Australian poets giving voice to others
Bonnie Cassidy reviews Linen Tough as History Jun 2, 2012
(excerpt)
Voice also plays a key role in Julie Chevalier's first collection of poems, Linen Tough as History. For Chevalier, voices are found material, salvaged from peripheral experience and locales including Sydney's Kings Cross and the south coast of NSW. In her poem float, speech fills the space that might otherwise be occupied by images or landscapes:
that one's doing it hard, he says not me!
thirty-two well-off years
my father's eighty-two in queensland
fabulous clayton's circus, ya
know
ya know the woman lived at circular quay
twenty years saw
her yesterday i had twenty bad years she
pulled me through ten
Chevalier's book even gives voice to inanimate things, including a stapler, a mirror and artworks featured in its central series of ekphrasis poems. While playful, the wit of her poetry is dulled by aimless, compulsive punning and obvious description, yet there are glimpses of a different poet in this collection.

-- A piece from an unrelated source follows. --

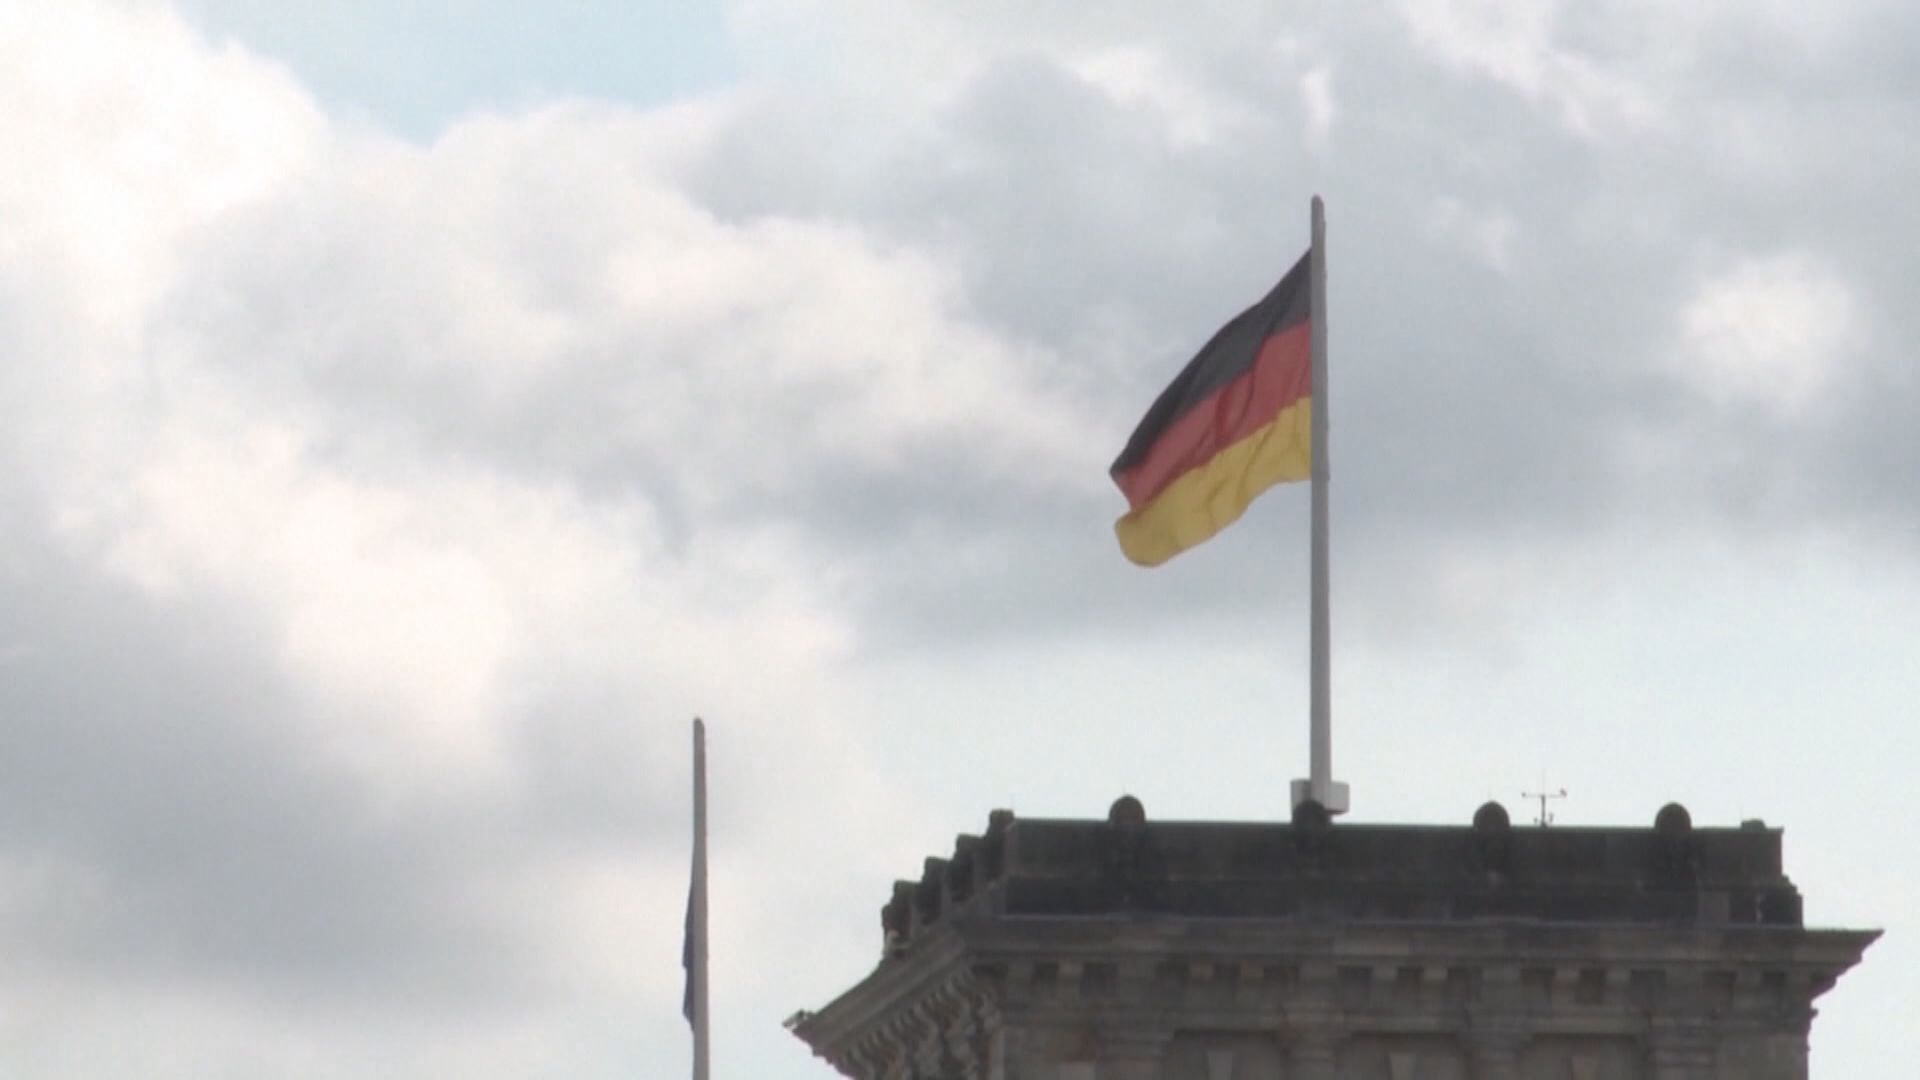 德國再拘一人涉向中國提供機密情報 中國駐德使館批評媒體炒作間諜威脅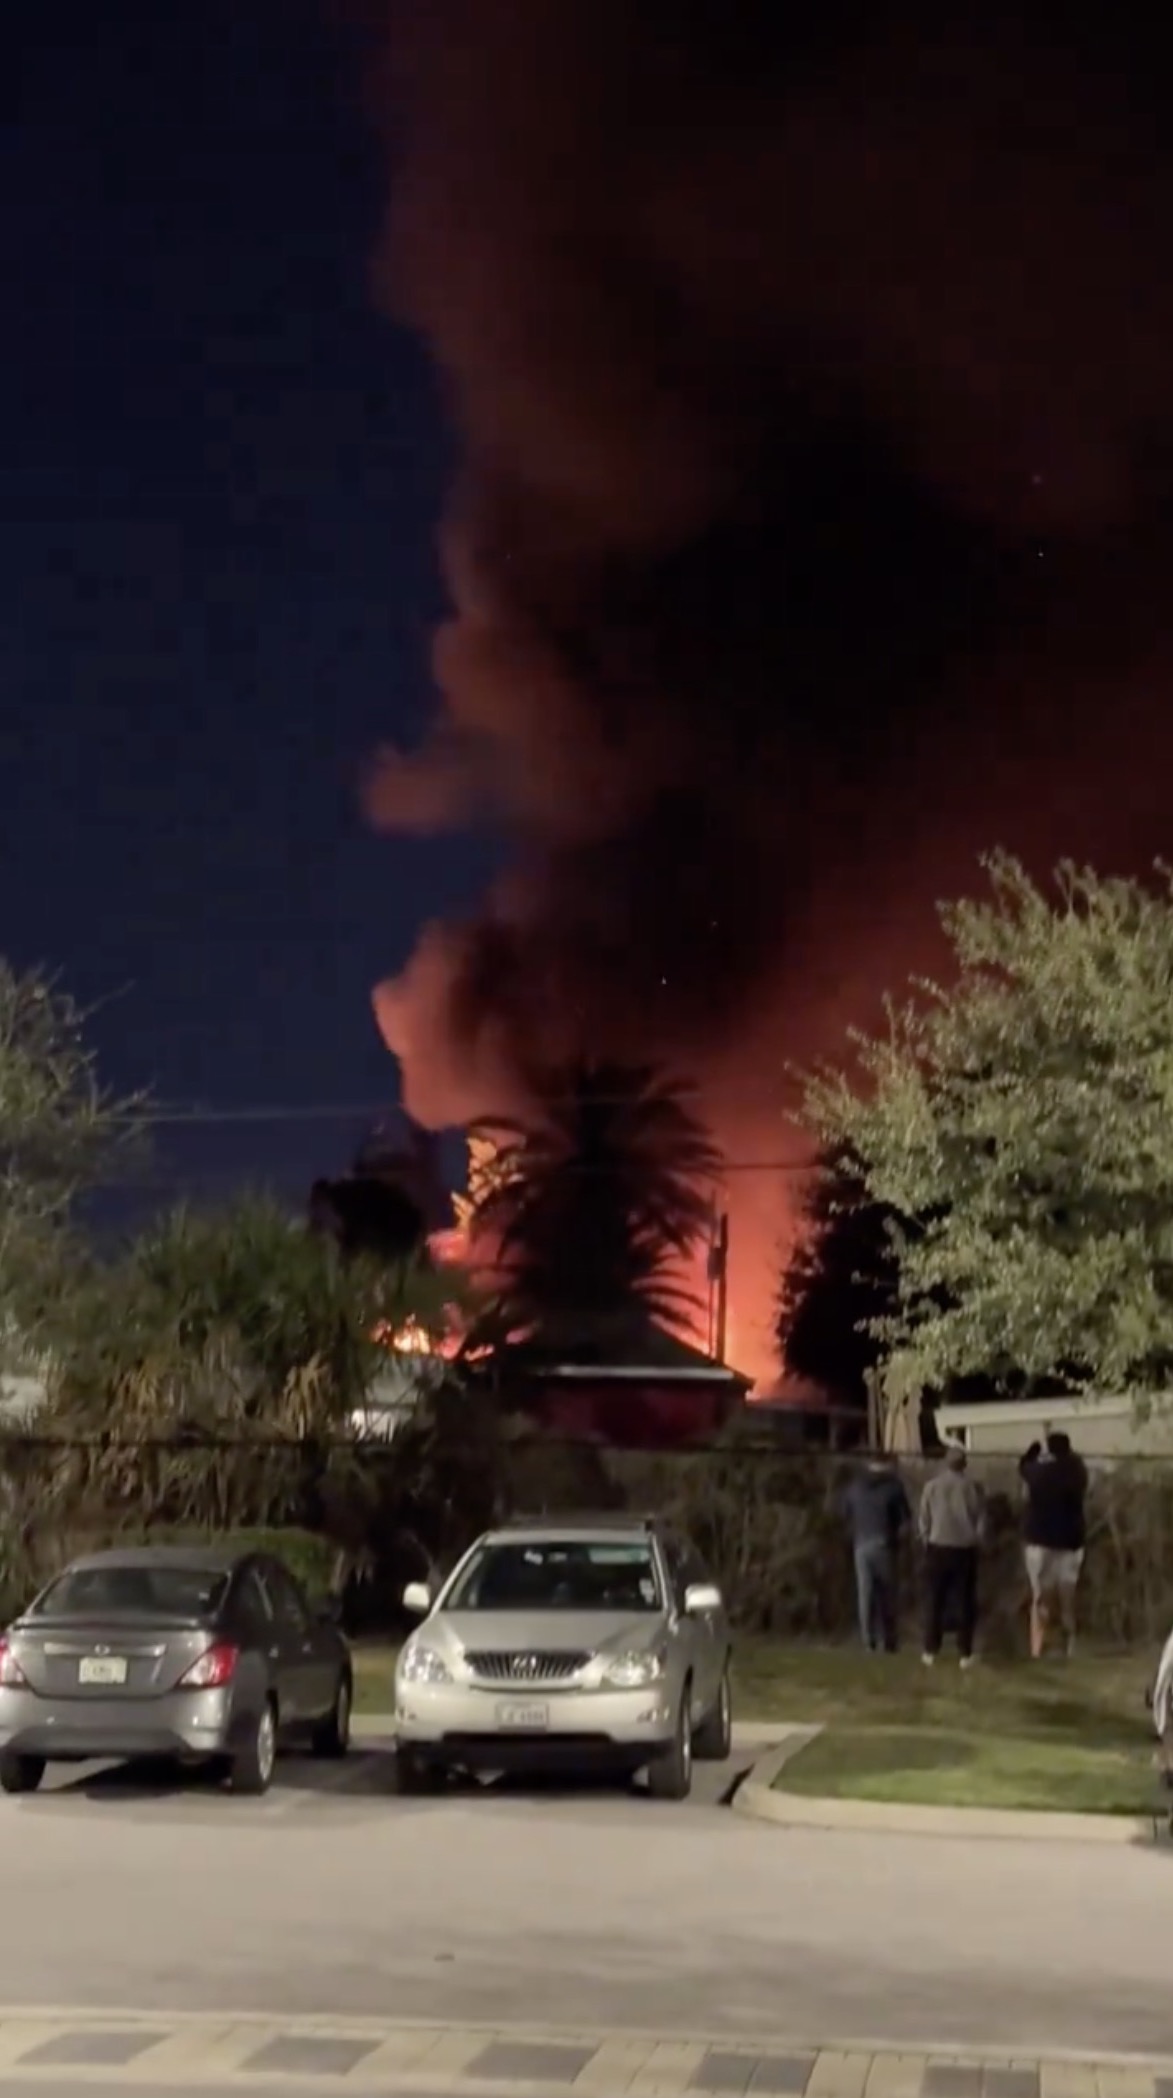 Das Video zeigte einen Großbrand in einem Wohnmobilpark

In the sequence Women of Antiquity 2002, which interprets an Anselm Kiefer sculpture, Chevalier finds a more complex approach to lyric subjectivity – representing the sculptures as symbolic and material surfaces: “Bronze conceals the place where my breasts should be / my waist, / my hips. / Molten knowledge drips to my / cold hem. / My life: glass – / celibate – iron and ash.”
The final section of Linen Tough as History sees the poet further developing this openness of meaning. In particular, a short sequence titled Towradgi girl stands out for its reliance on suggestion. Vaguely linked, like an album of photographs, this sequence conveys scenes and confessions from the life of a girl stuck somewhere between the mundane south coast of NSW and dreams of Hollywood:
she no longer waits for the tide to turn
but questions herself about new oceans
glimpses new waves on a silver screen
it is 5:16 a.m. in hollywood when she picks
at her formica dinner greedy girl intrigued
by great sets but disturbed by images
Following a target – perhaps observed or experienced, perhaps imaginary – Towradgi girl exploits Chevalier's evident interest in locality, but its narrative is atmospheric rather than linear or lyric. It establishes the detached tone and surreal turns of imagery that she explores in other poems such as barn dance at westport island (“a see-though ceiling of bare branches /white houses clapped in the blue light”) and the lushly keen collage of words in summer grows old (“oil fouls summer black blooded soil / summer-bleached sheet cottonmouth mother”).
It's a pity that so much of the book lacks this sense of effect. Its restless visitations of pantoum, prose poetry, ekphrasis, found poetry and whimsy are spirited but want for purpose — the hard bit in a poem that weights it to the page.